Directions
The reply should hold every line of the listing exactly, and none of its images.

Dataset excerpt
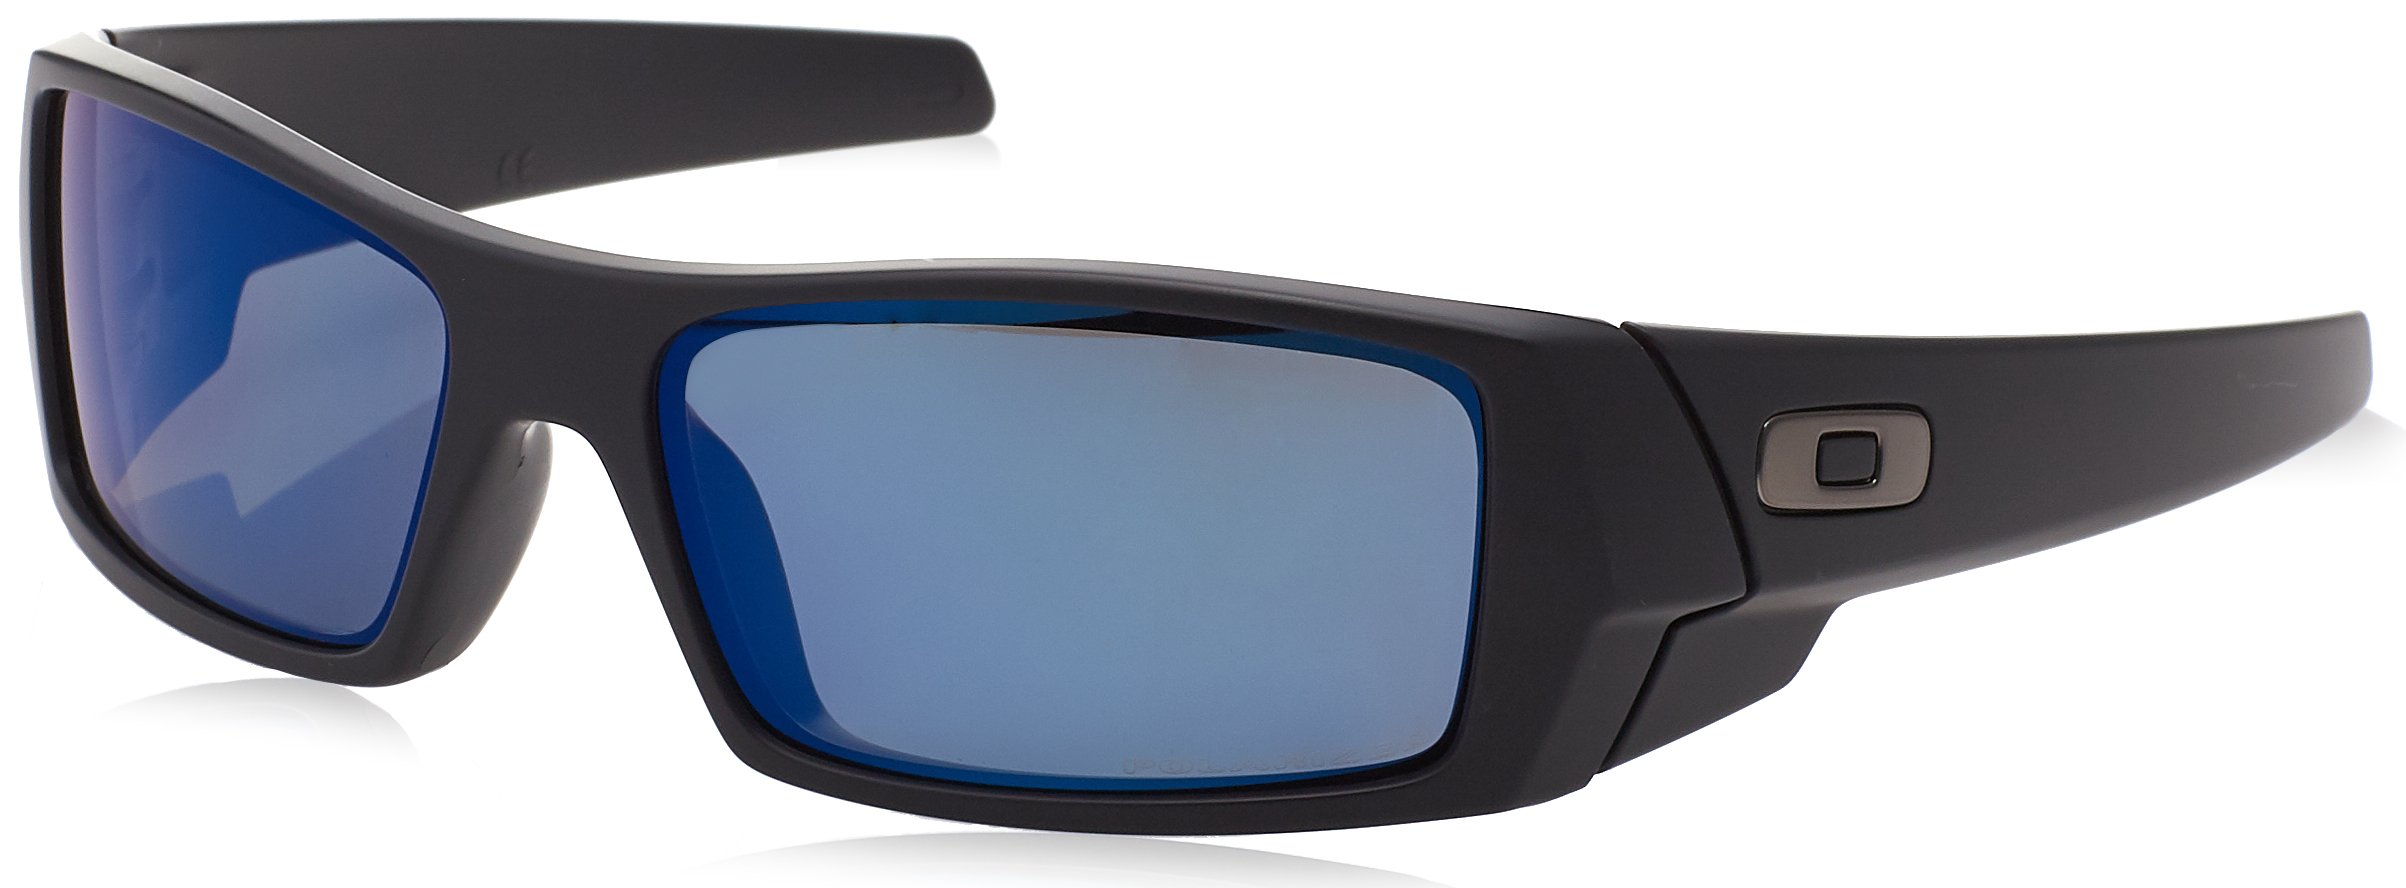 Oakley Men's Gascan Iridium Polarized Rectangular Sunglasses, Matte Black /Ice, 60mm by Oakley
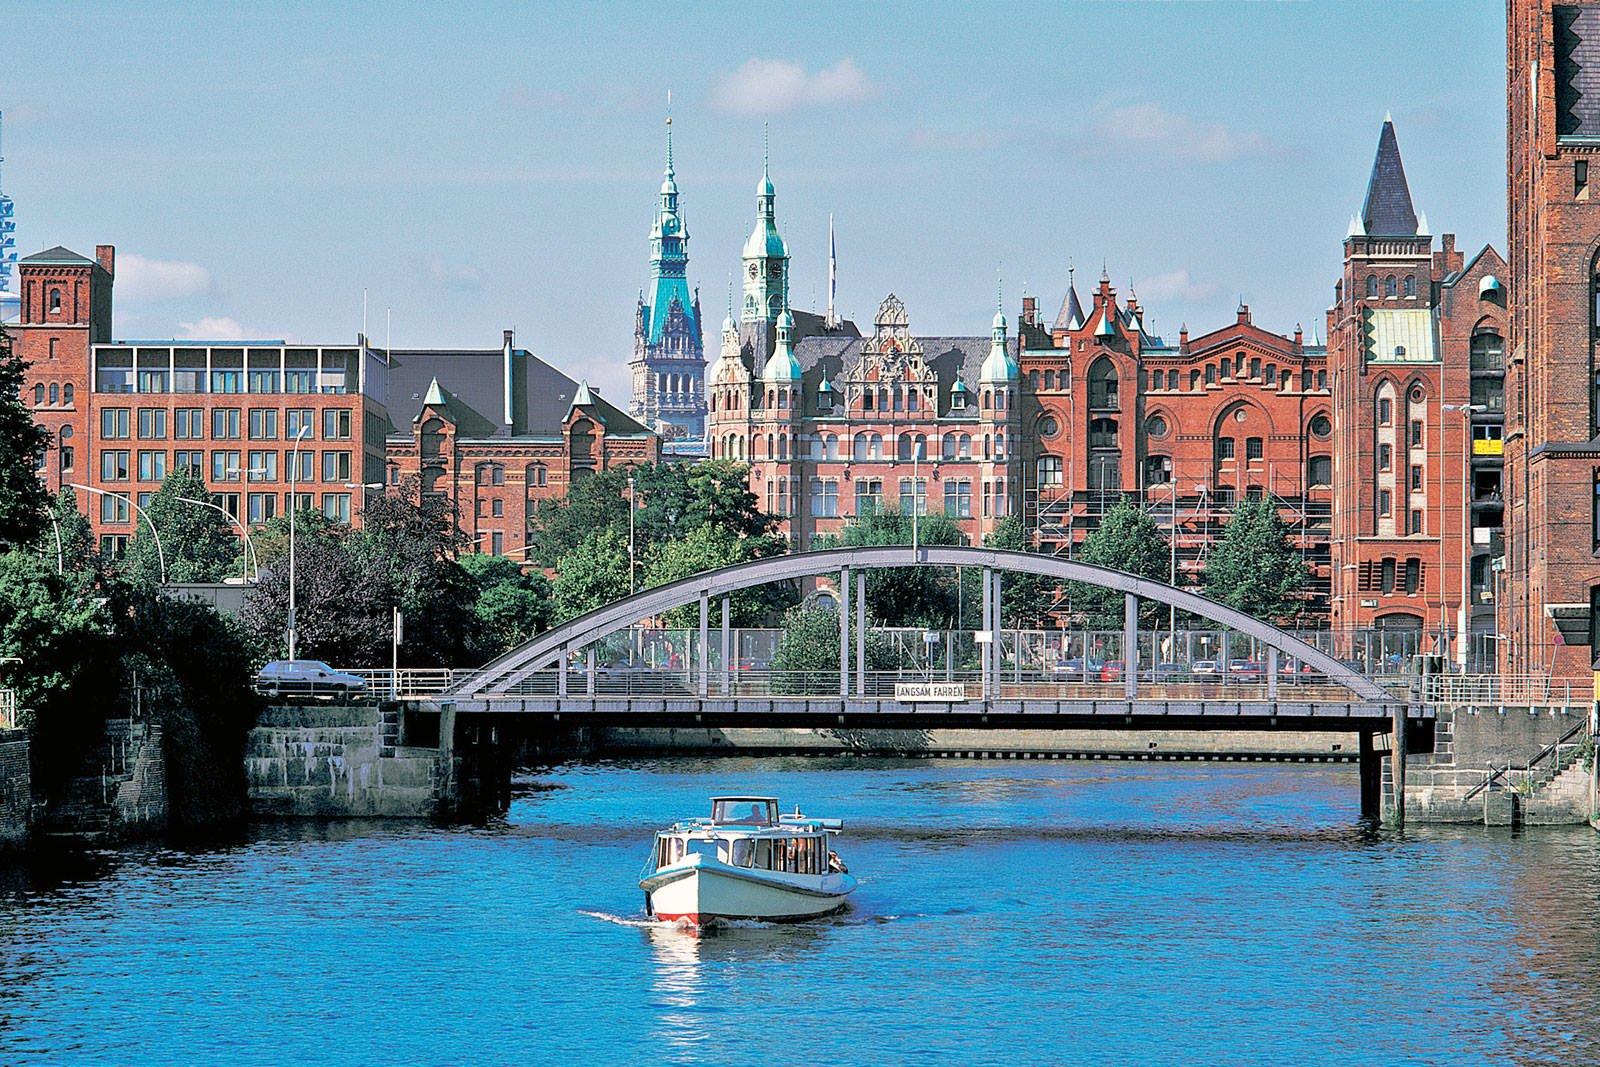 ваш гамбург фото города в сентябре один
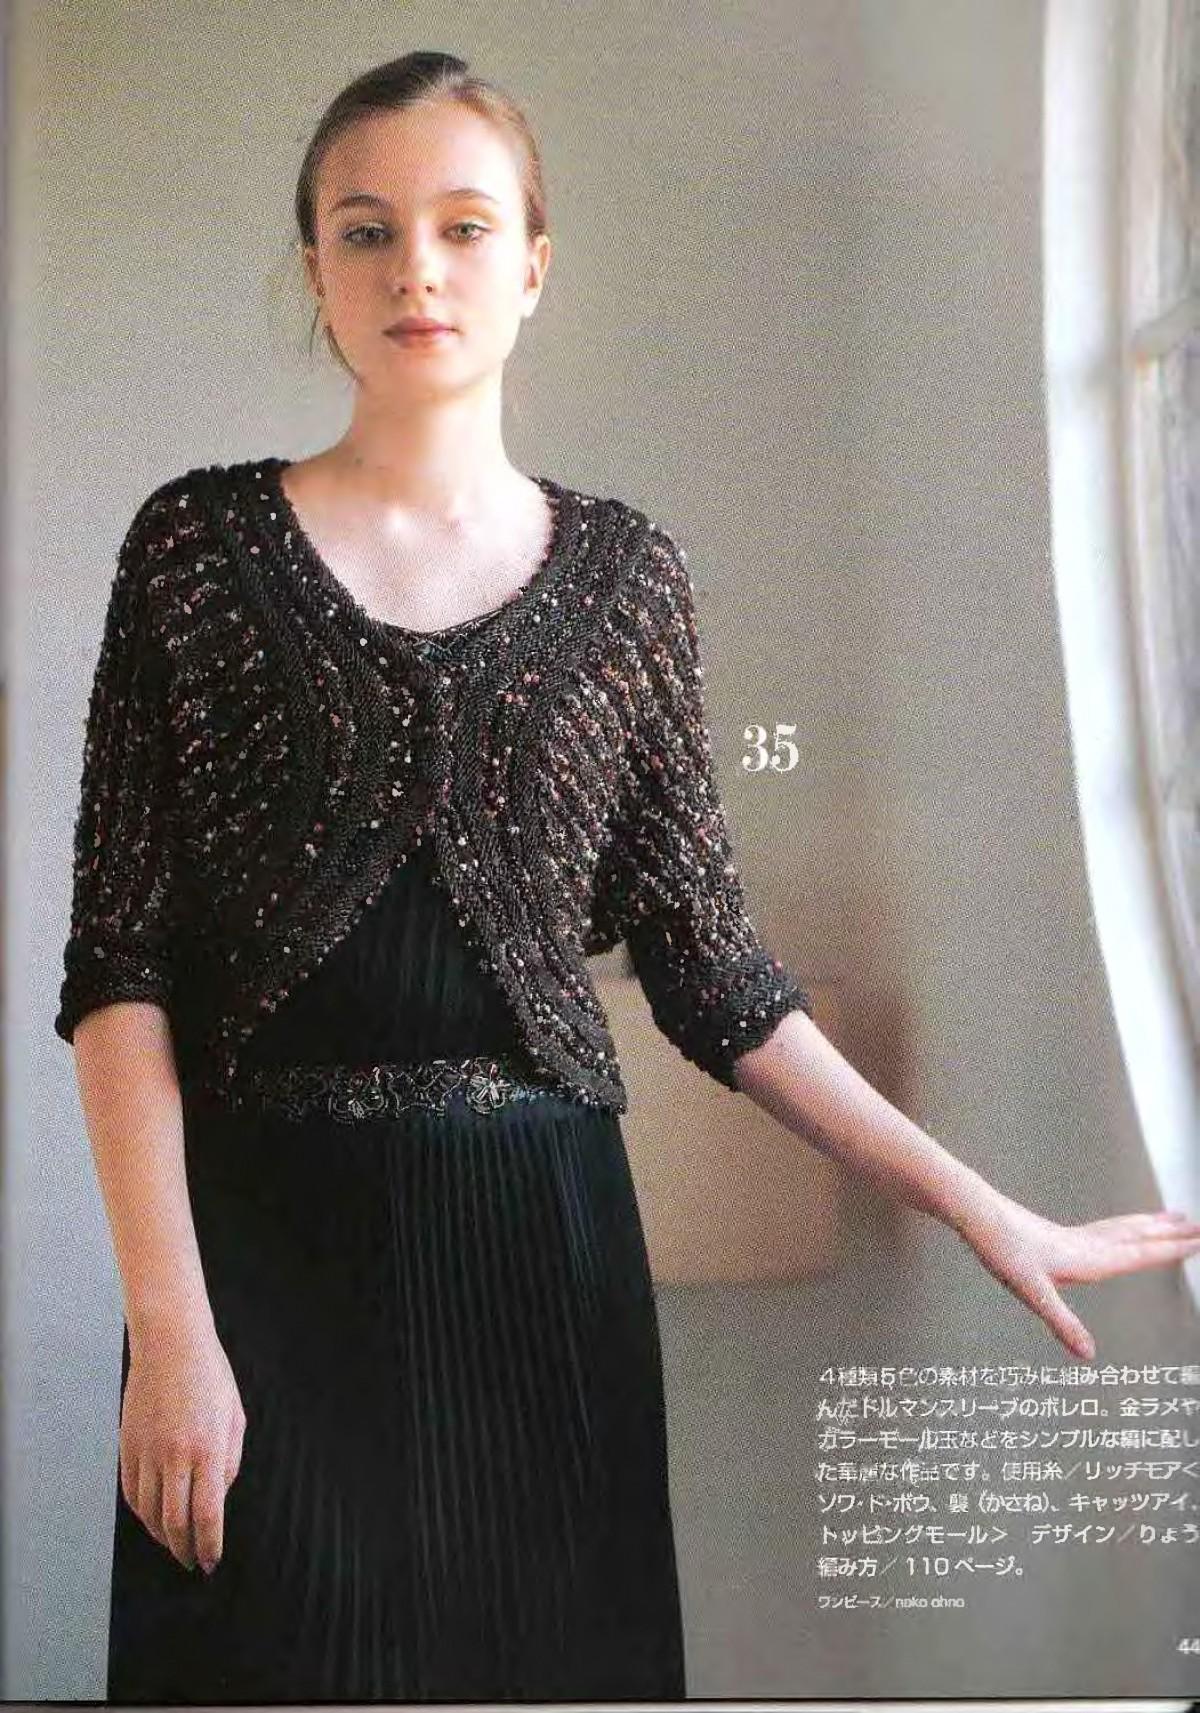 Lets-knit-series-NV4359-2008-Spring-Summer-sp-kr_42.jpg

Task solution
 Oakley Men's Gascan Iridium Polarized Rectangular Sunglasses, Matte Black /Ice, 60mm by Oakley
 ваш гамбург фото города в сентябре один
 Lets-knit-series-NV4359-2008-Spring-Summer-sp-kr_42.jpg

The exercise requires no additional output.